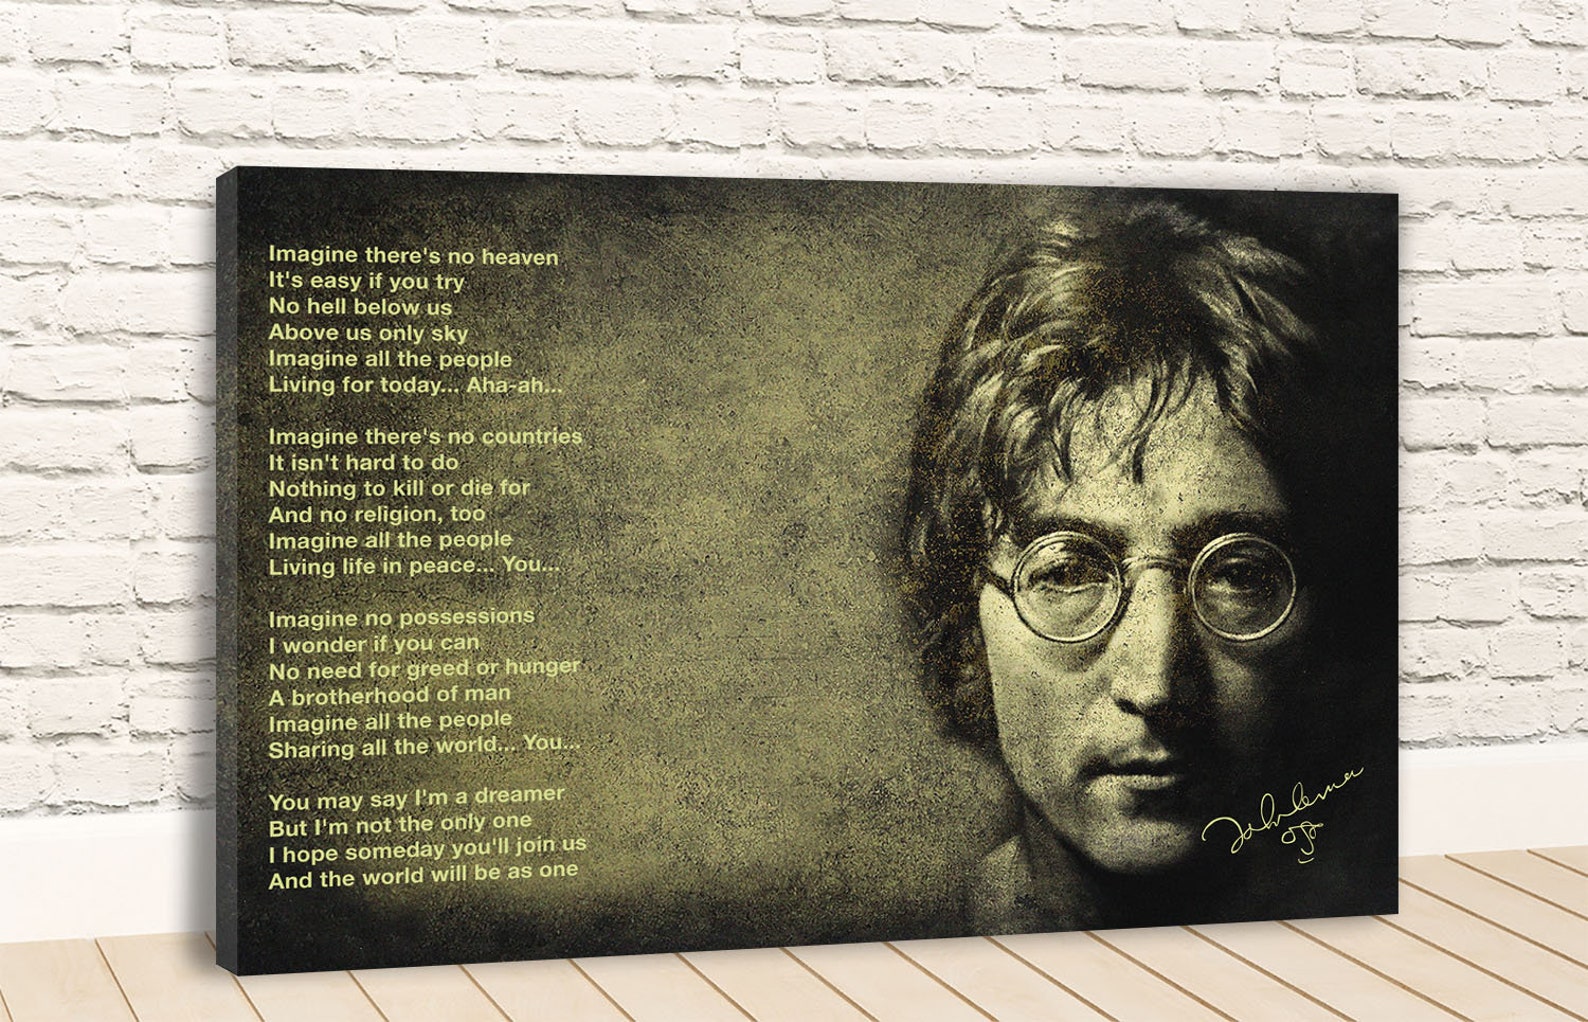 Леннон песня imagine. "Представьте себе: Джон Леннон" / imagine: John Lennon 1988 - картинки. Леннон представь себе. Imagine John Lennon Lyrics. John Lennon imagine обложка альбома.
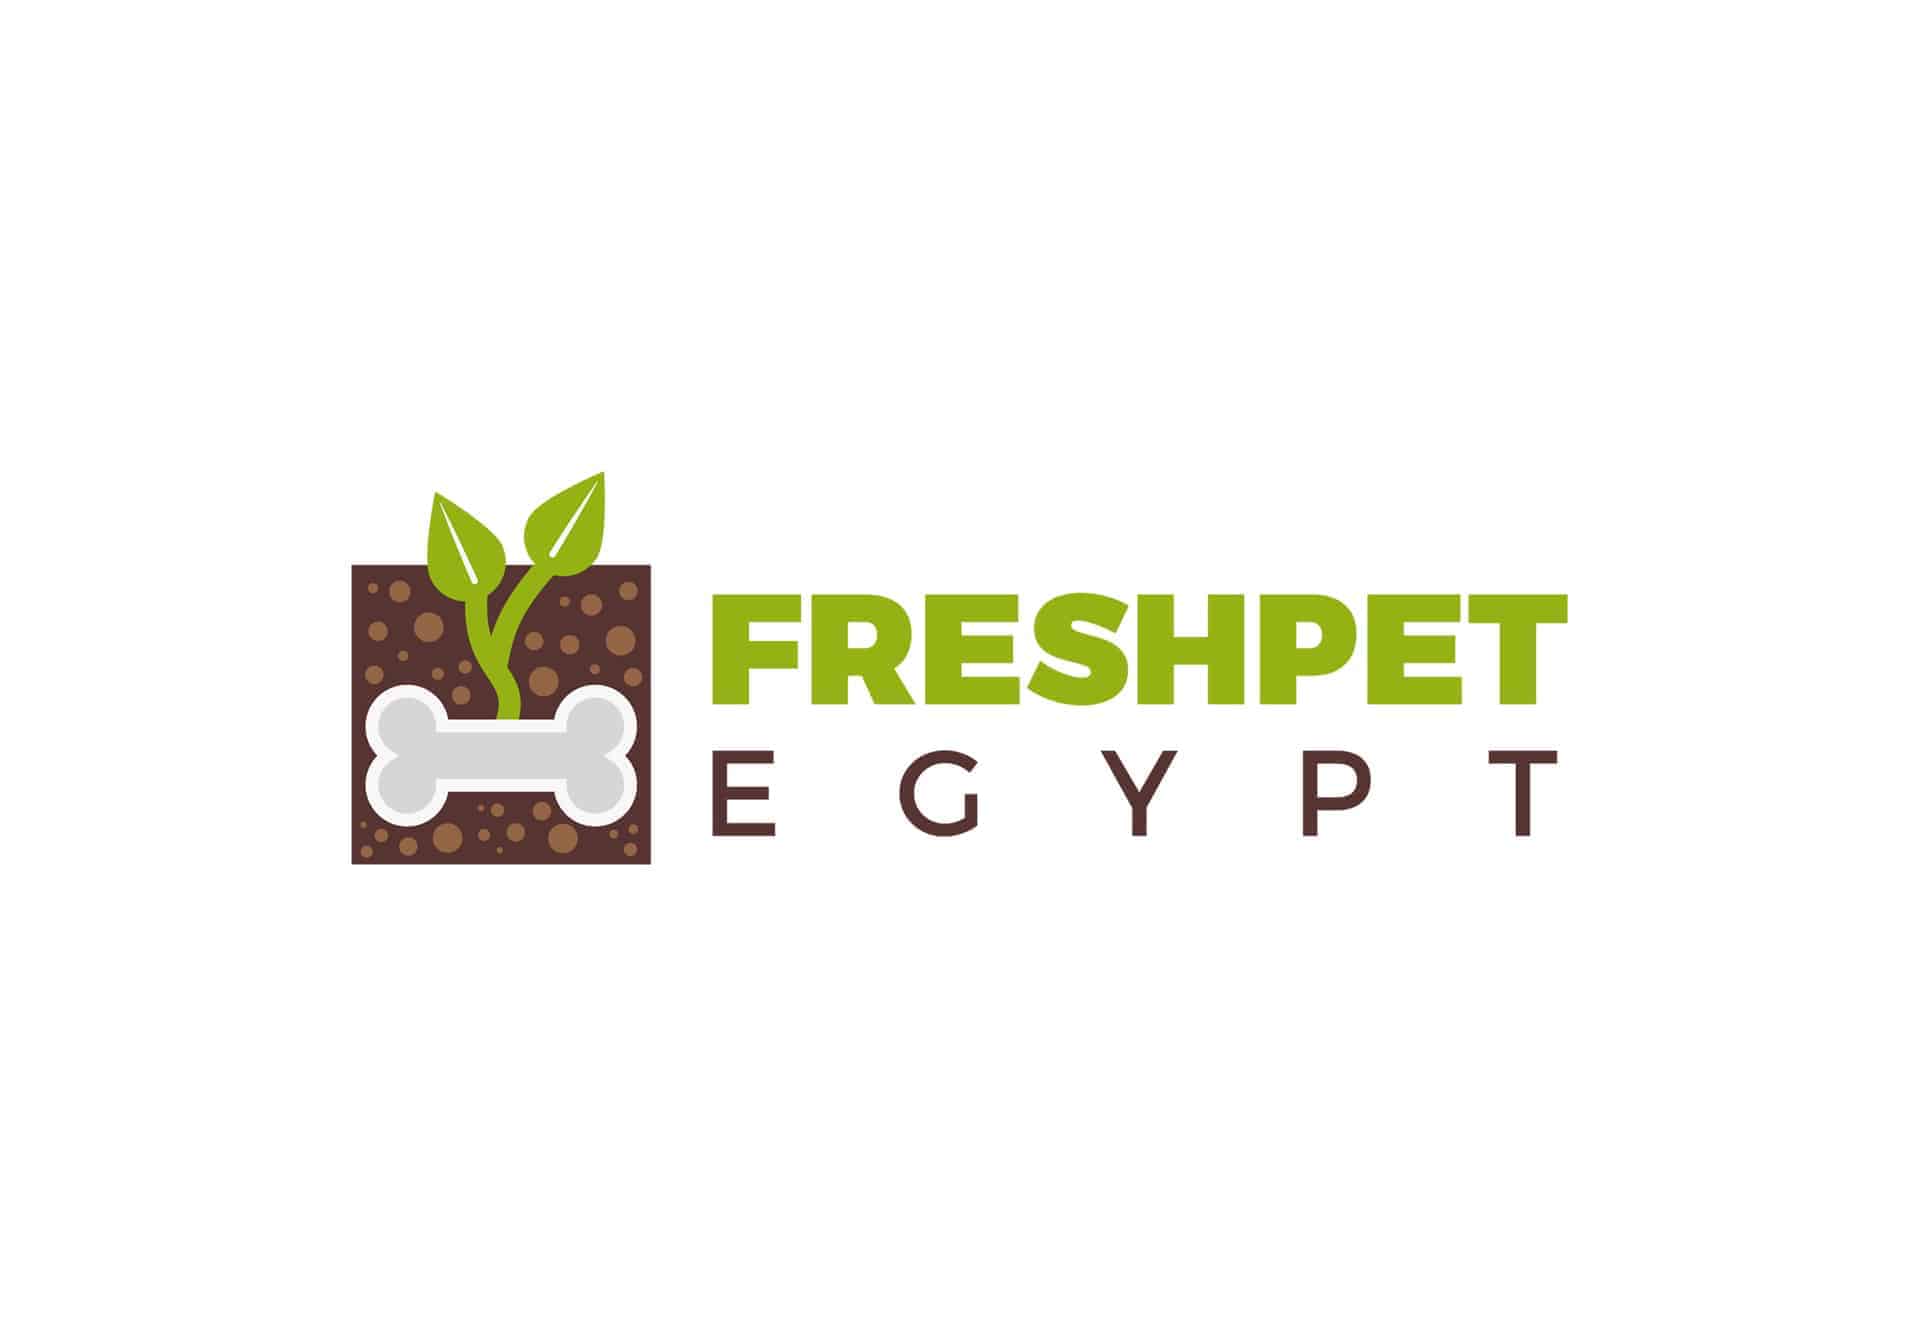 Freshpet Egypt Branding Project
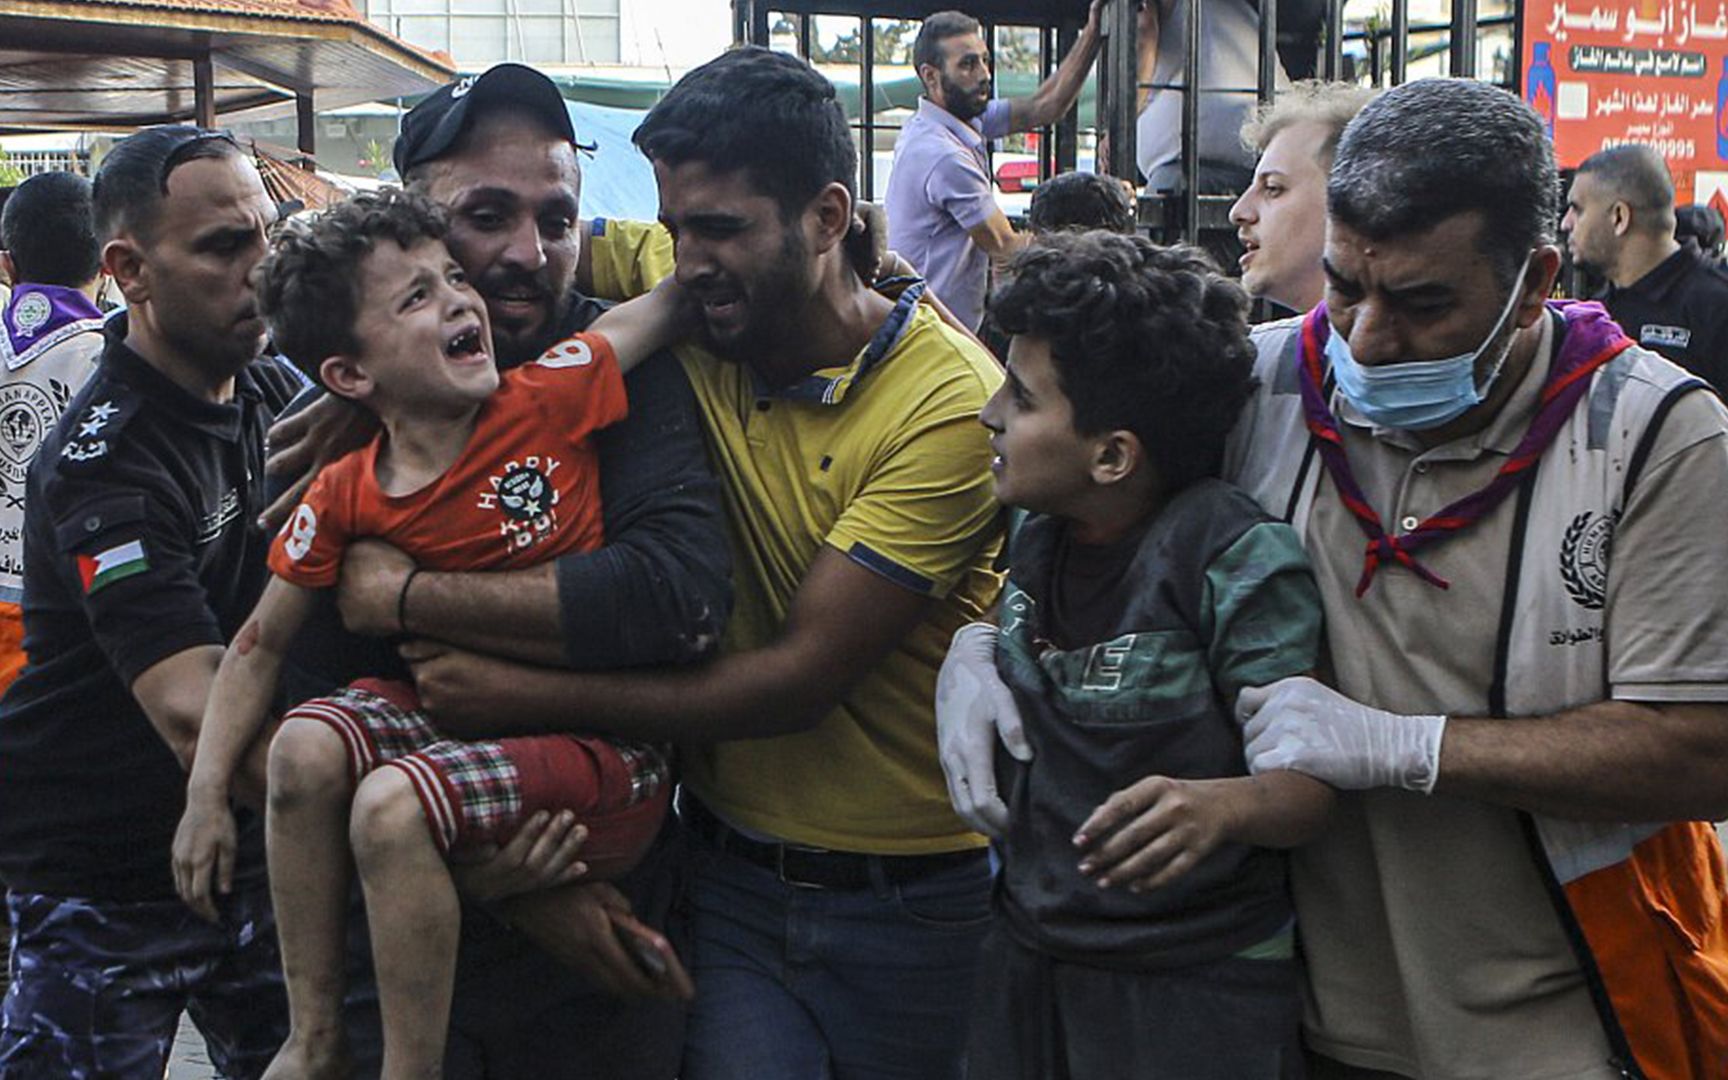 加沙1300多名儿童死亡 一学校遭轰炸
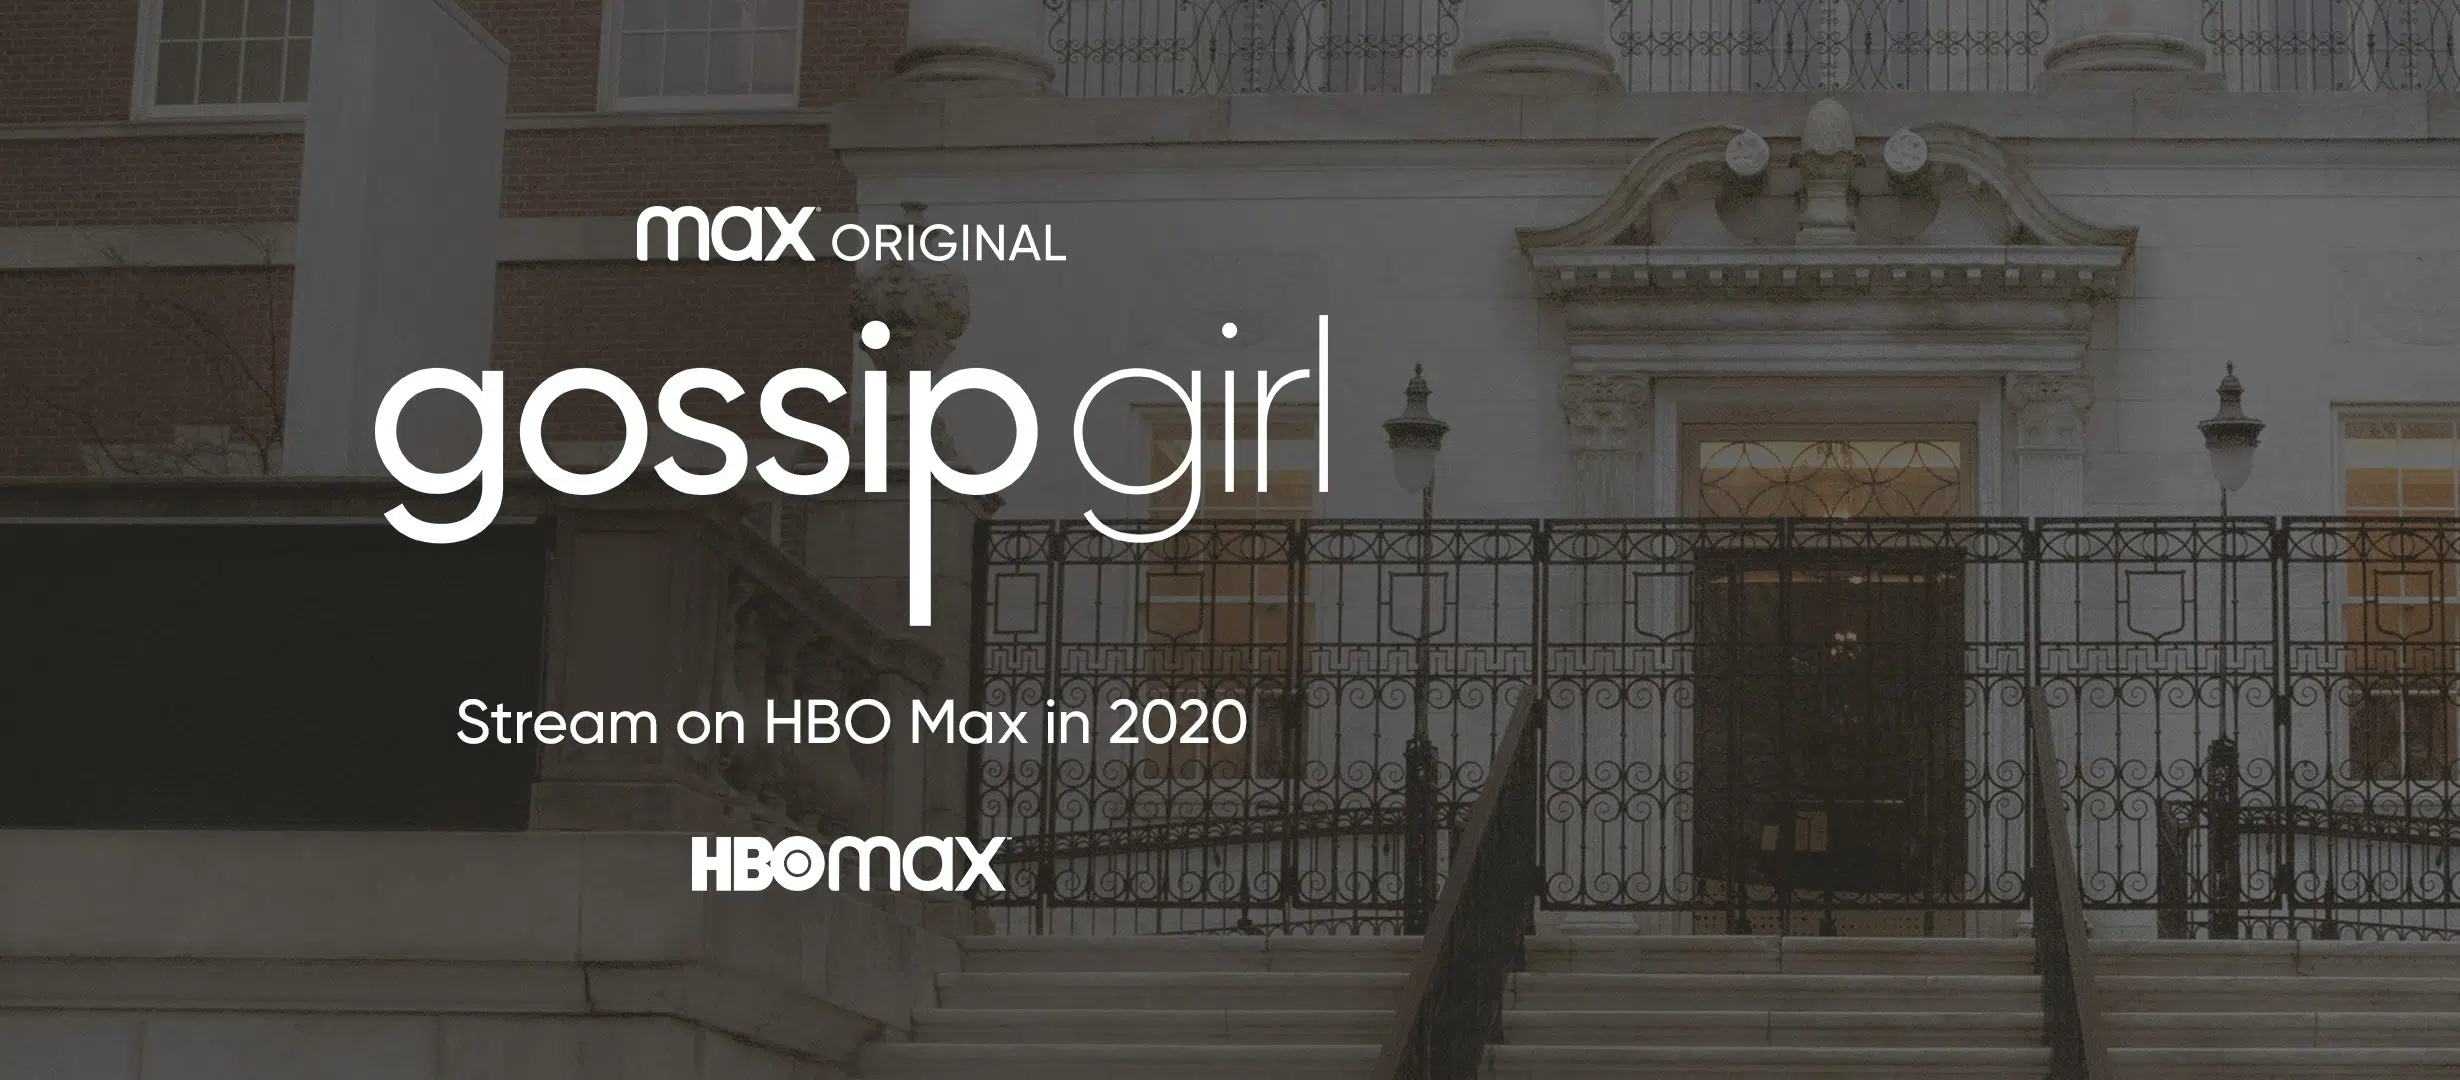 The Gossip Girl Reboot Postponed To 2021

Brief: Return the data exactly. Pictures stay out.

Response area:
 Леннон песня imagine. "Представьте себе: Джон Леннон" / imagine: John Lennon 1988 - картинки. Леннон представь себе. Imagine John Lennon Lyrics. John Lennon imagine обложка альбома.
 Freshpet Egypt Branding Project
 加沙1300多名儿童死亡 一学校遭轰炸
 The Gossip Girl Reboot Postponed To 2021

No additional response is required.